Abstract
Aim: To investigate T-cell subpopulations in peripheral blood of human parvovirus B19 DNA-positive (B19+) and -negative (B19−) patients with rheumatoid arthritis (RA) and healthy persons. Patients and Methods: Blood samples were collected from 115 patients with RA and 47 healthy volunteers; 27 patients with RA and nine controls were B19+. Cluster of differentiation (CD) 4, 8, 25 and 45RA were analyzed on blood cells.
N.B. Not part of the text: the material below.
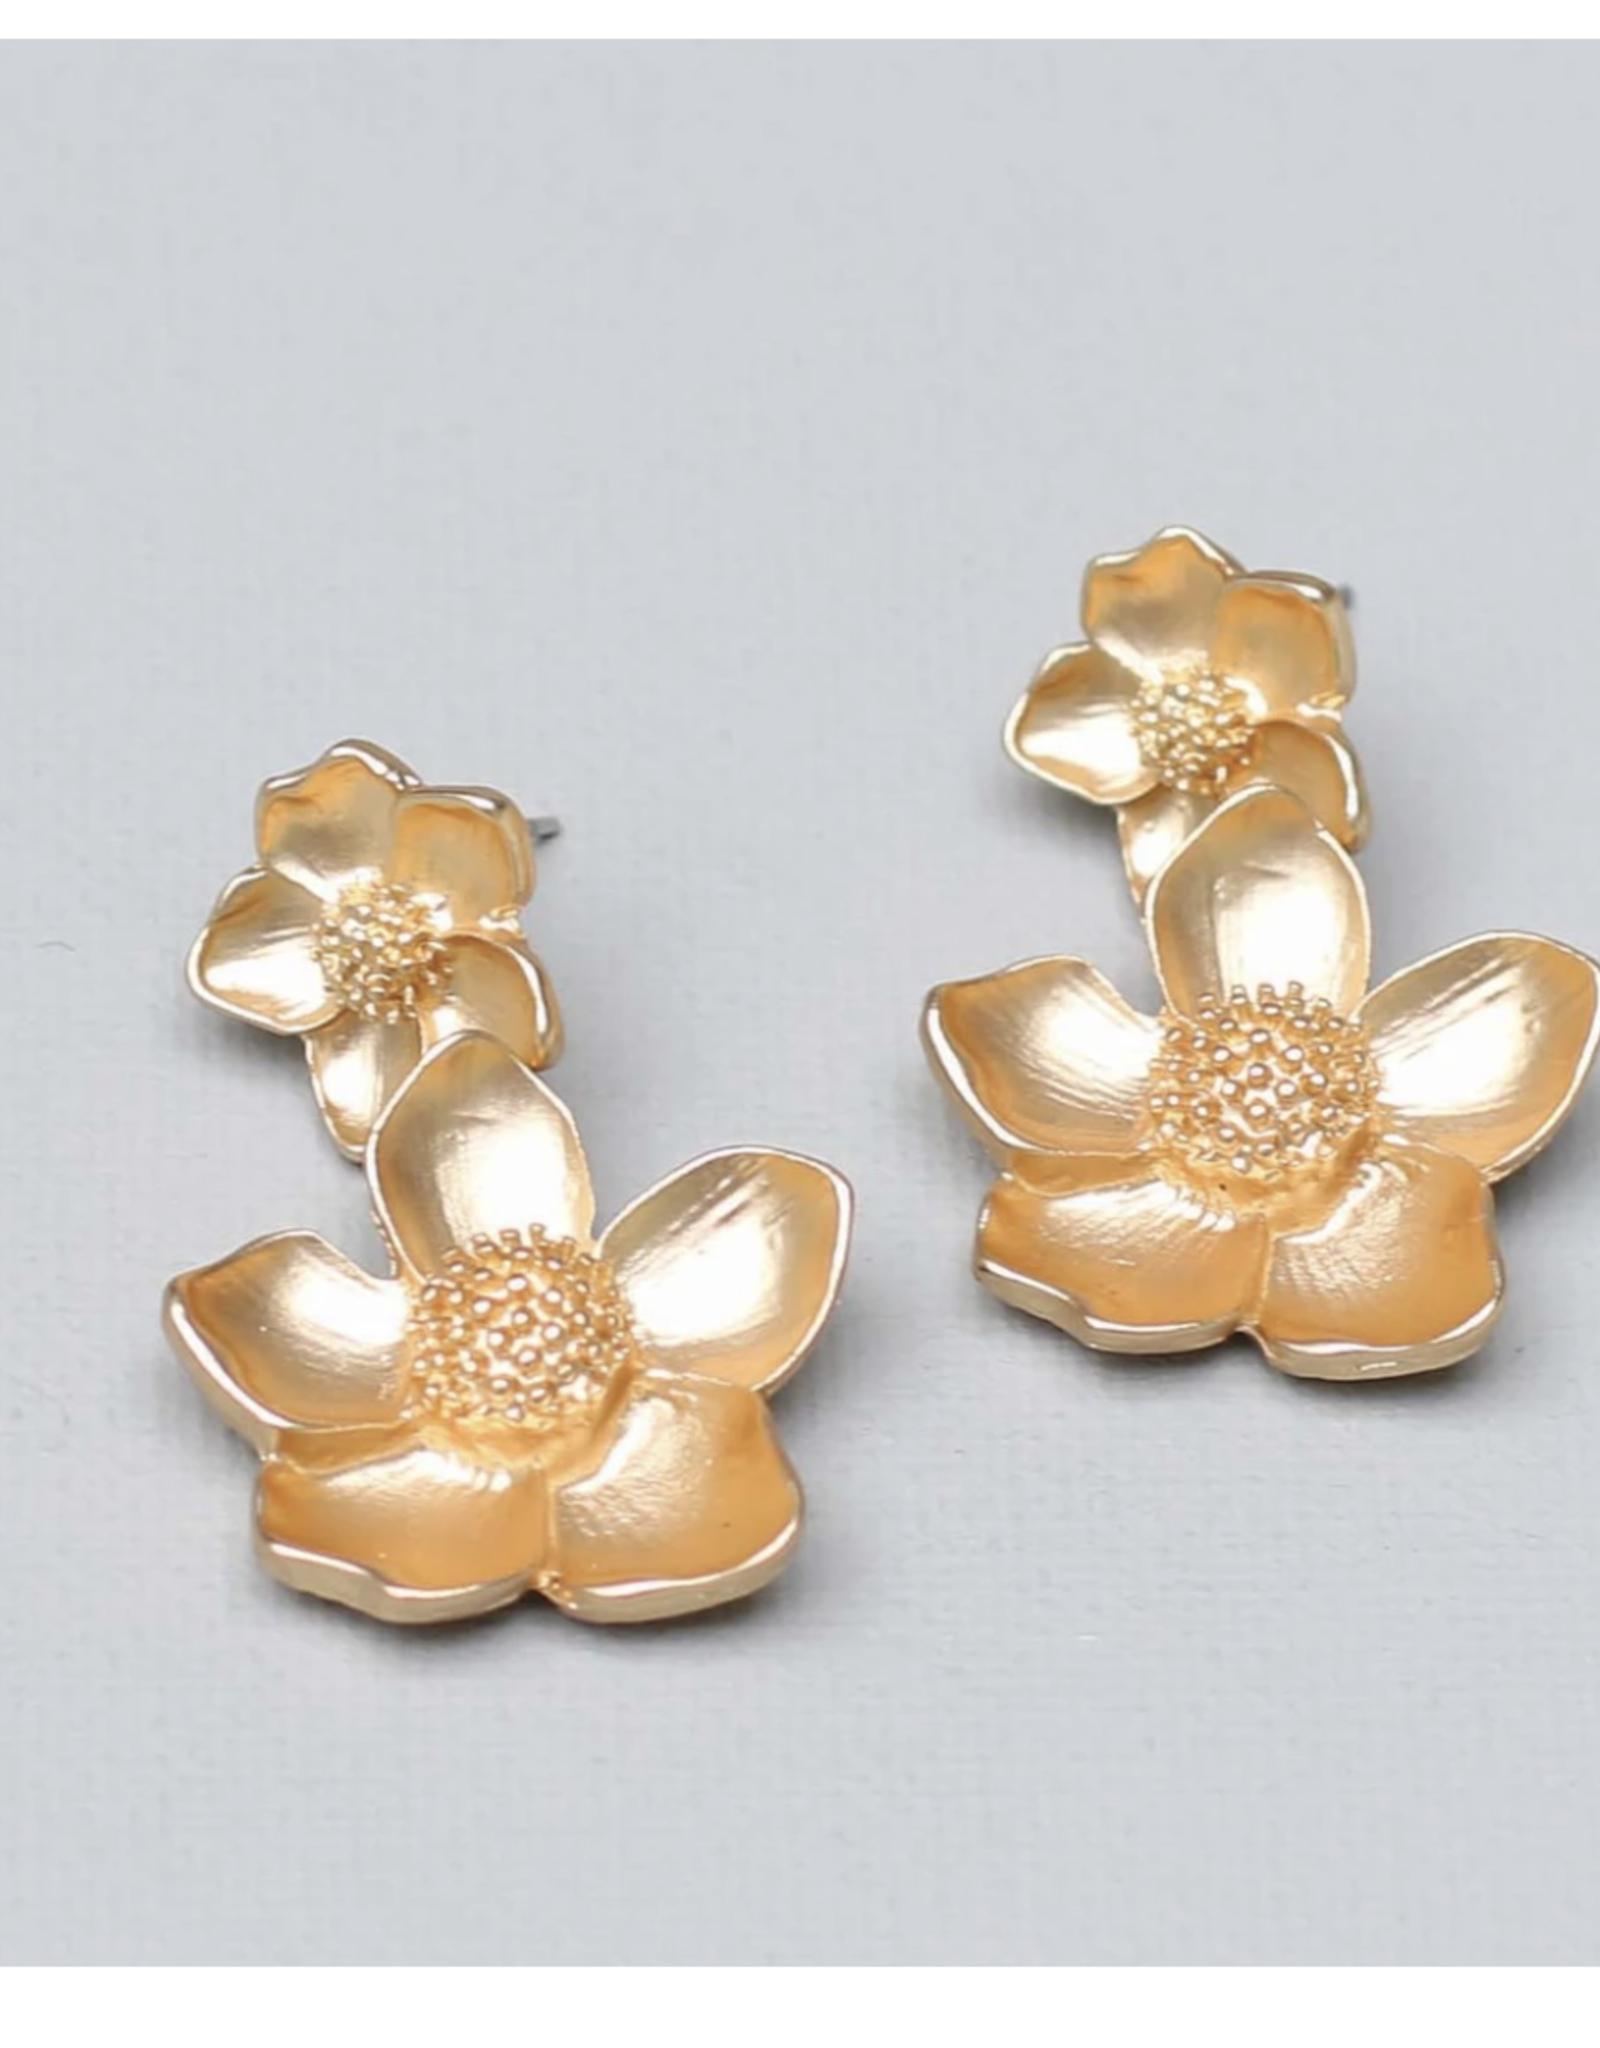 Michelle McDowell Gold Malone Earrings

CD25 expression on CD4+CD45RA+, CD4+CD45RA−, CD8+CD45RA+, CD8+CD45RA− subsets were analyzed by flow cytometry. Results: The percentage of CD25low and CD25hi cells was increased on CD4+CD45RA+, CD4+CD45RA− T-cells and the percentage of CD25+ cells was increased on CD8+CD45RA+, CD8+CD45RA− T-cells of B19+ patients with RA in comparison with B19− patients and controls. Conclusion: Raised levels of CD4 and CD8 regulatory T-cells in B19+ RA patients could cause down-regulation of antiviral clearance mechanisms and lead to activation of persistent human parvovirus B19 infection in patients with RA.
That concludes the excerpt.